24.06.2024 - 14:12 | Son Güncellenme:
Milliyet.com.tr
Amerikan New York Times gazetesine göre, Lukas McClish, arkadaşının bölgenin doğal güzelliğinden bahsetmesinin ardından 11 Haziran'da Kaliforniya, Boulder Creek'teki Big Basin Redwoods Eyalet Parkı'nda üstüne bir tişört veya gömlek bile giymeden üç saatlik bir yürüyüşe çıkmıştı.
34 yaşındaki McClish, nereye gittiğini kimseye söylemedi ve yanında yalnızca birkaç malzeme getirmişti. McClish yerel medyaya verdiği demeçte, "Bir pantolonum, yürüyüş ayakkabılarım ve şapkamla ayrıldım. Bir el fenerim ve makas takımım da vardı, hepsi bu kadardı" dedi.
McClish, dokuz gece 10 gün boyunca yemek aramak, dereden su içmek, yabani meyveler yemek ve ıslak yapraklar üzerinde uyumak zorunda kalacaktı. Tecrübeli bir yürüyüşçü olduğunun altını çizen McClish, kaybolduğu için 'şaşırdığını' kaydetti. Yürüyüş yaptığı alanın 2020'deki bir yangında alevlere teslim olduğunu ve 'diğer tüm arazilerden tamamen farklı göründüğünü' açıkladı.
"Bu, hesaba katmadığım bir şeydi, yangın bu şekilde ormanın büyük kısmını yok ettiğinde, yönünüzü bulamıyorsunuz."
Yürüyüş yolları gibi yönü gösteren tipik işaretler kaybolmuştu. Fakat ilk başta McClish içinde bulunduğu zor durumu, hayatta kalma becerilerini test etme şansı olarak değerlendirdi. Amerikan basınına, "Ben hevesli bir sırt çantalı gezginim, bu yüzden bir veya iki gece dışarı çıkmak benim için norm dışı değil" dedi.
Ancak o ilk soğuk gecede McClish kendine bir kamp kurmaya çalışsa da ateş yakmak için kullandığı çalılar ıslaktı. Daha sonra daha iyi bir sığınak bulmak için çalışmalara koyuldu ve ertesi gün yakınlarda olacağını düşündüğü bir dereyi bulmak için harekete geçti. McClish, ilk günleri anlatırken, "Orada olduğum her an kendimi rahat hissettim. Bu konuda endişelenmedim" dedi.
Ancak beşinci günde McClish endişelenmeye başladı ve medeniyete geri dönmenin bir yolunu bulmaya çalıştı. Bu arada ondan bir süredir haber alamayan ailesi endişelenmeye başladı ve kayıp ihbarında bulundu. Bu, yaklaşık 300 kişinin ve çeşitli kurumlardan acil durum personelinin dahil olduğu büyük bir arama çalışmasına yol açtı.
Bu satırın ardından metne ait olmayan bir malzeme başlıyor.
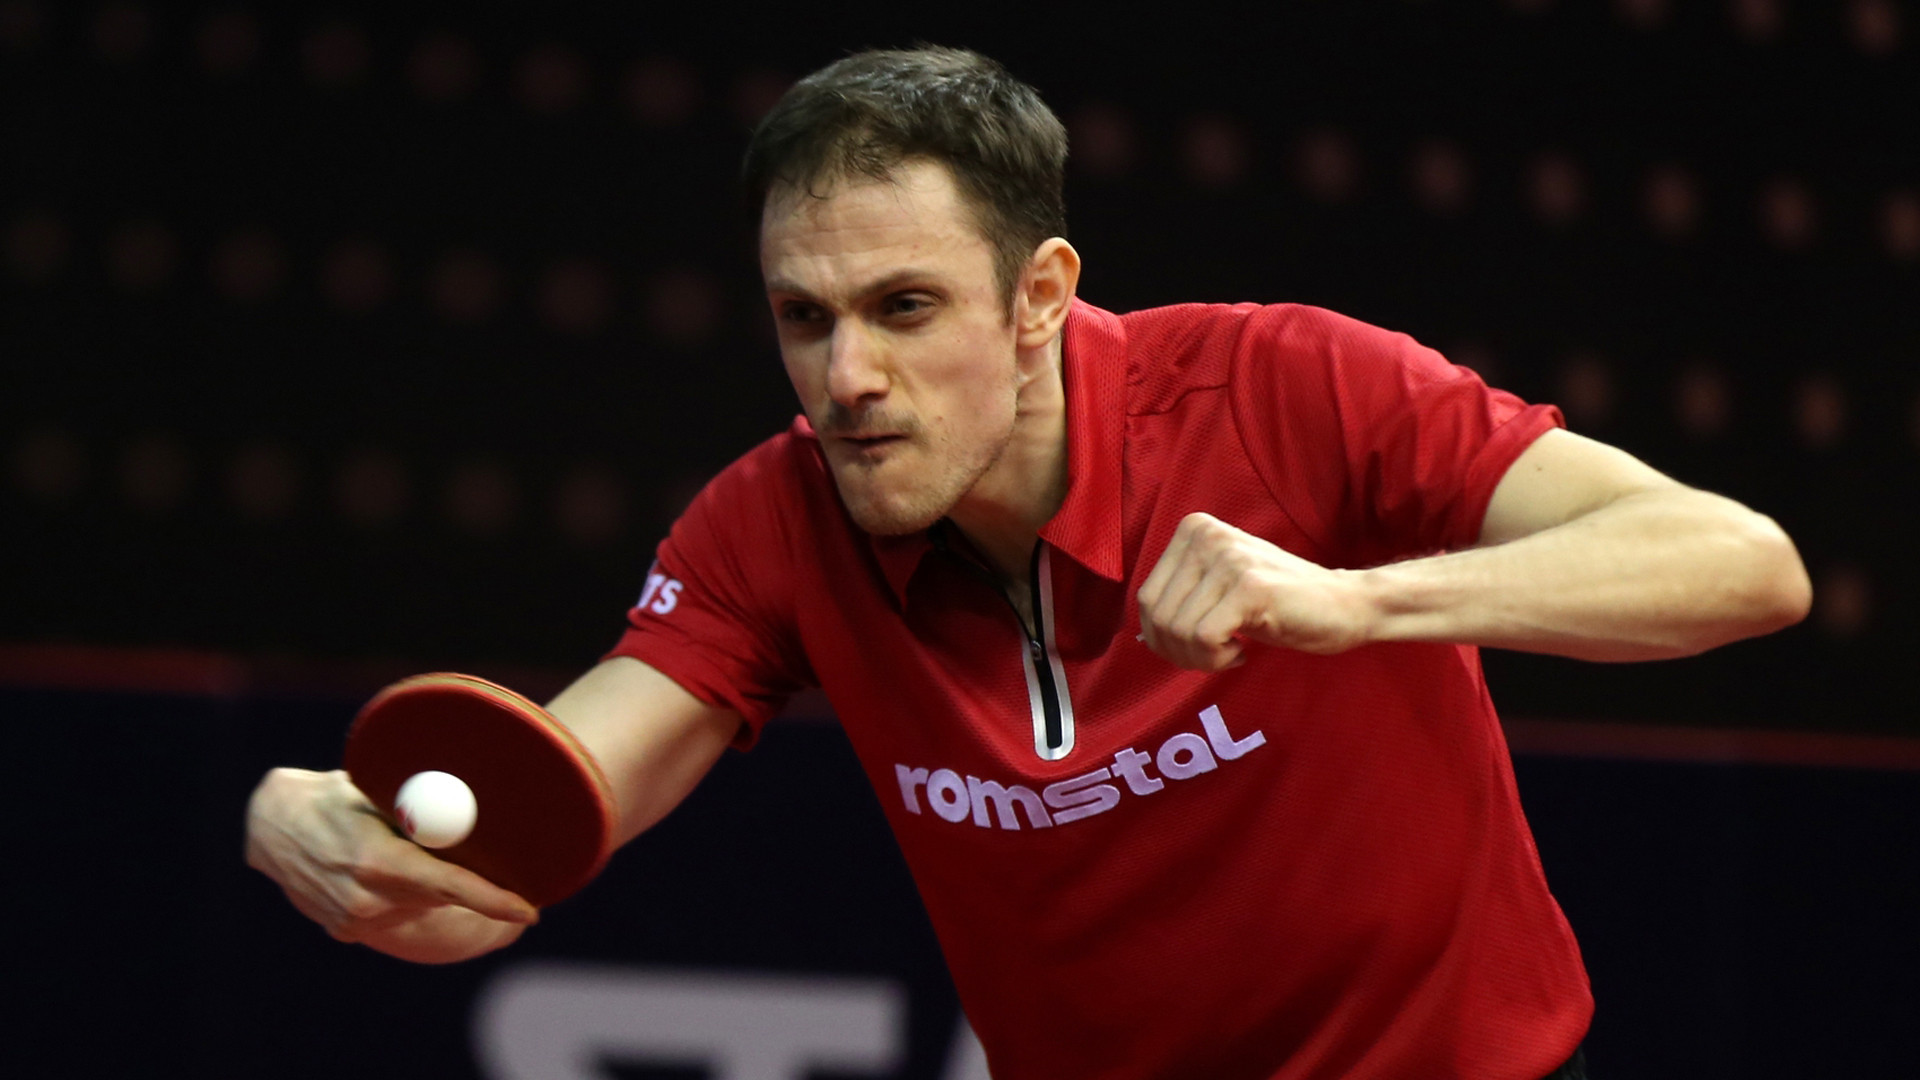 Romania’s Ovidiu Ionescu suffered a shock defeat on the opening day of the ITTF's European Olympic Singles Qualification Tournament in Portugal ©ITTF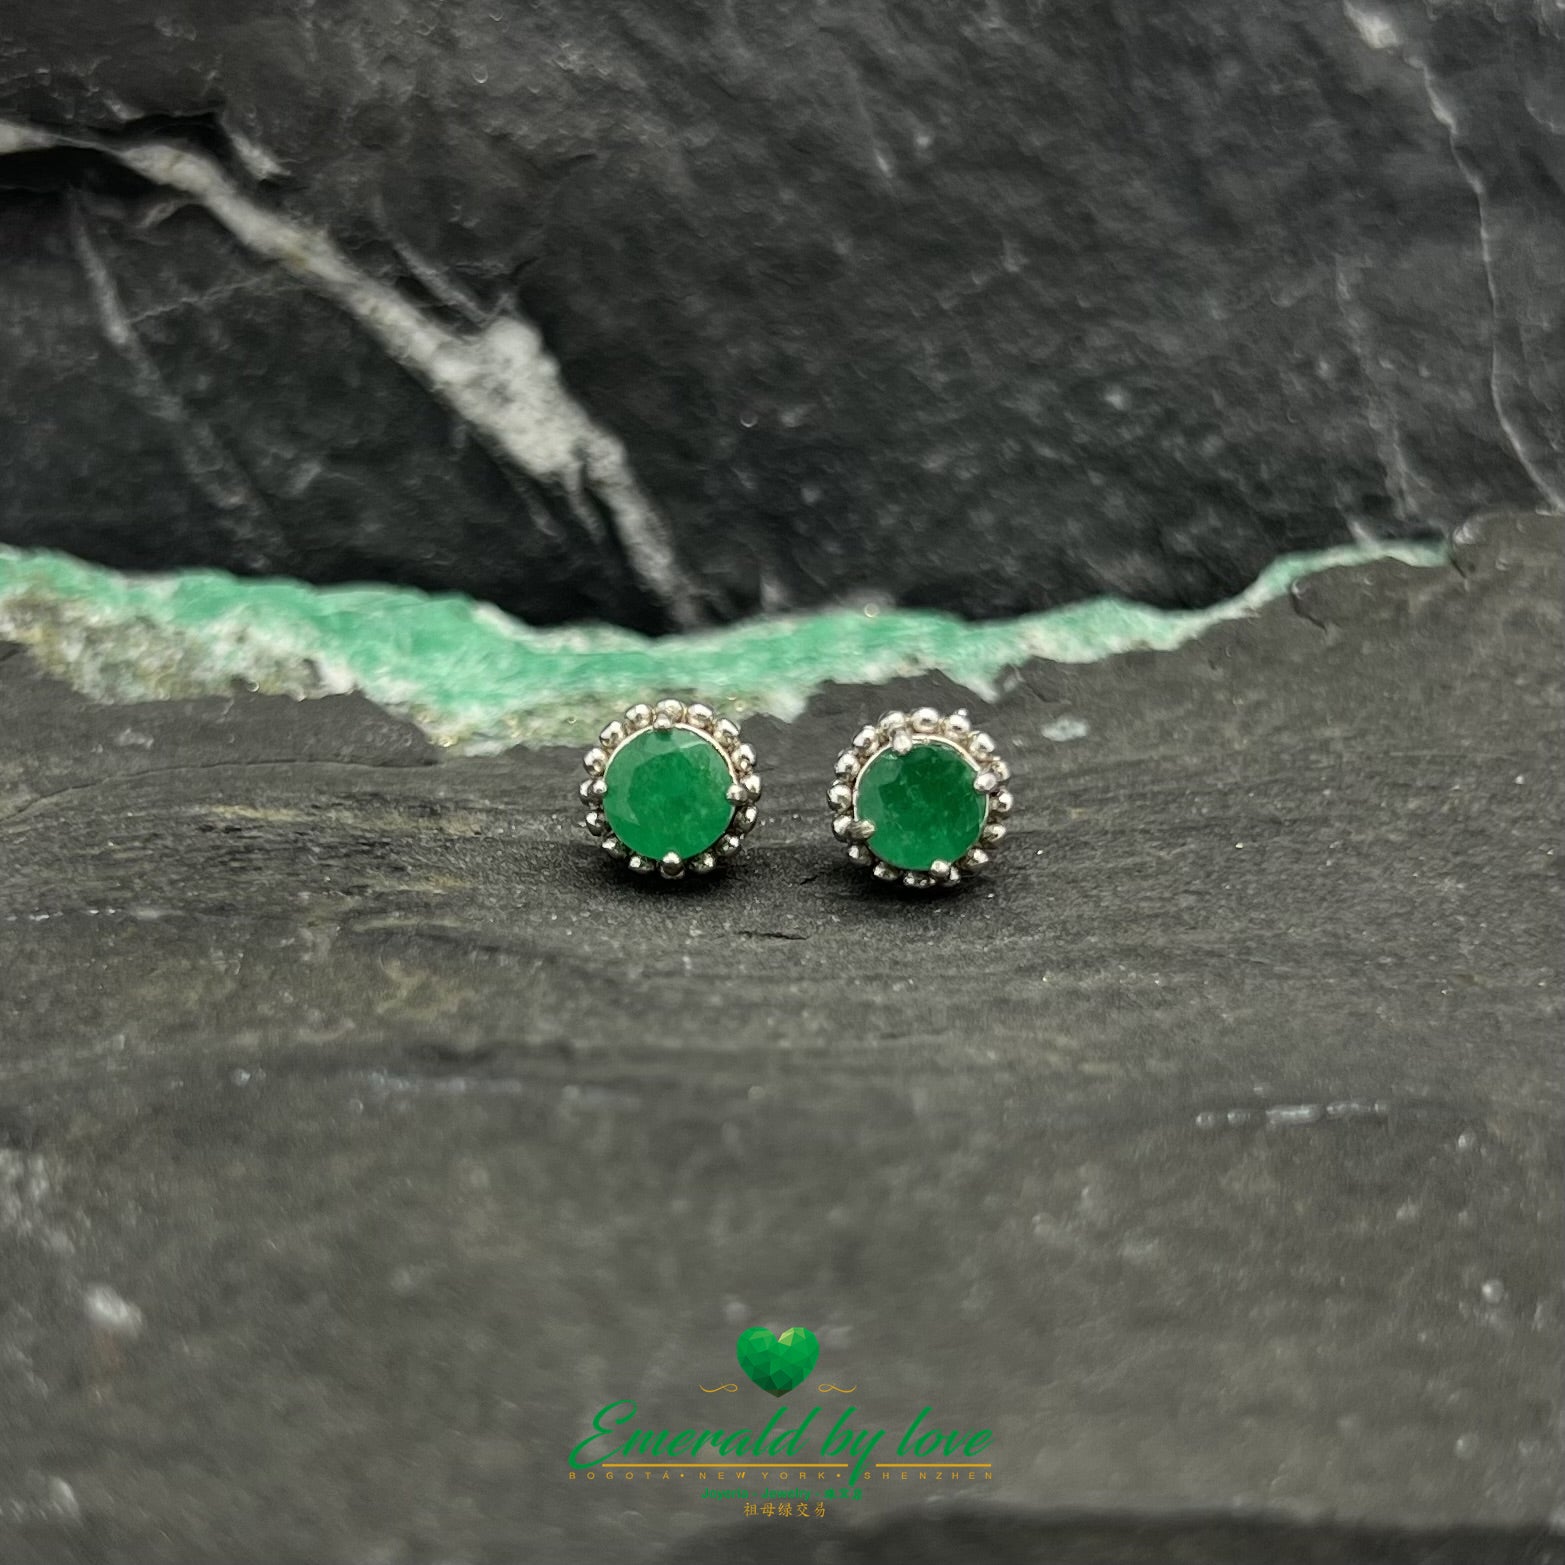 Delicate Sterling Silver Earrings with Round Emerald on a Floral Silver Bed

Annesi Diane McClish, yaşadığı korkuyu anlatırken şöyle konuştu:
"Bazı geceler, her ne kadar onun iyi olacağına dair tanrıya güvensem de, bazı geceler ise yatağa gittiğimizde bunu yapmak zor oluyordu çünkü onun nerede olduğu, nerede uyuduğu konusunda endişeleniyordum."
Arama çalışmaları devam ederken McClish, yardım için bağırmaya başladı. Sekizinci ve dokuzuncu günler boyunca "İmdat, yardım edin, buradayım" diye bağırdığını ve "Orada kimse var mı?" diye bağırdığını aktardı. McClish yanı sıra, yabani meyvelerle hayatta kalmak zorunda kaldığı için bir sonraki yemeğini hayal etmeye devam ettiğini de ekledi.
"Bir burrito veya taco istiyordum. İlk beş günden sonra her gün bunu düşünüyordum."
Nihayet Perşembe günü akşam saatlerinde iki park görevlisi bir tepeye doğru ilerliyorlardı ve McClish'in çığlıklarını işittiler. McClish, "Umarım bu bir serap değildir diye düşünüyordum" dedi.
İtfaiye ekipleri kısa sürede bir drone konuşlandırdı ve yerini belirledi, tam bu sırada bir arama köpeği de yerini tespit etmeyi başardı. Daha sonra polisler onu alıp endişeli ailesiyle yeniden bir araya getirdi. McClish, kurtulduktan sonraki geceyi yerel bir hastanede güvenli bir şekilde geçirdi. Burada gerekli sağlık kontrolleri yapıldı.
Doğadan korkmadığını söyledi ancak şunu itiraf etti:
"Muhtemelen yılın geri kalanına yetecek kadar yürüyüş yaptım."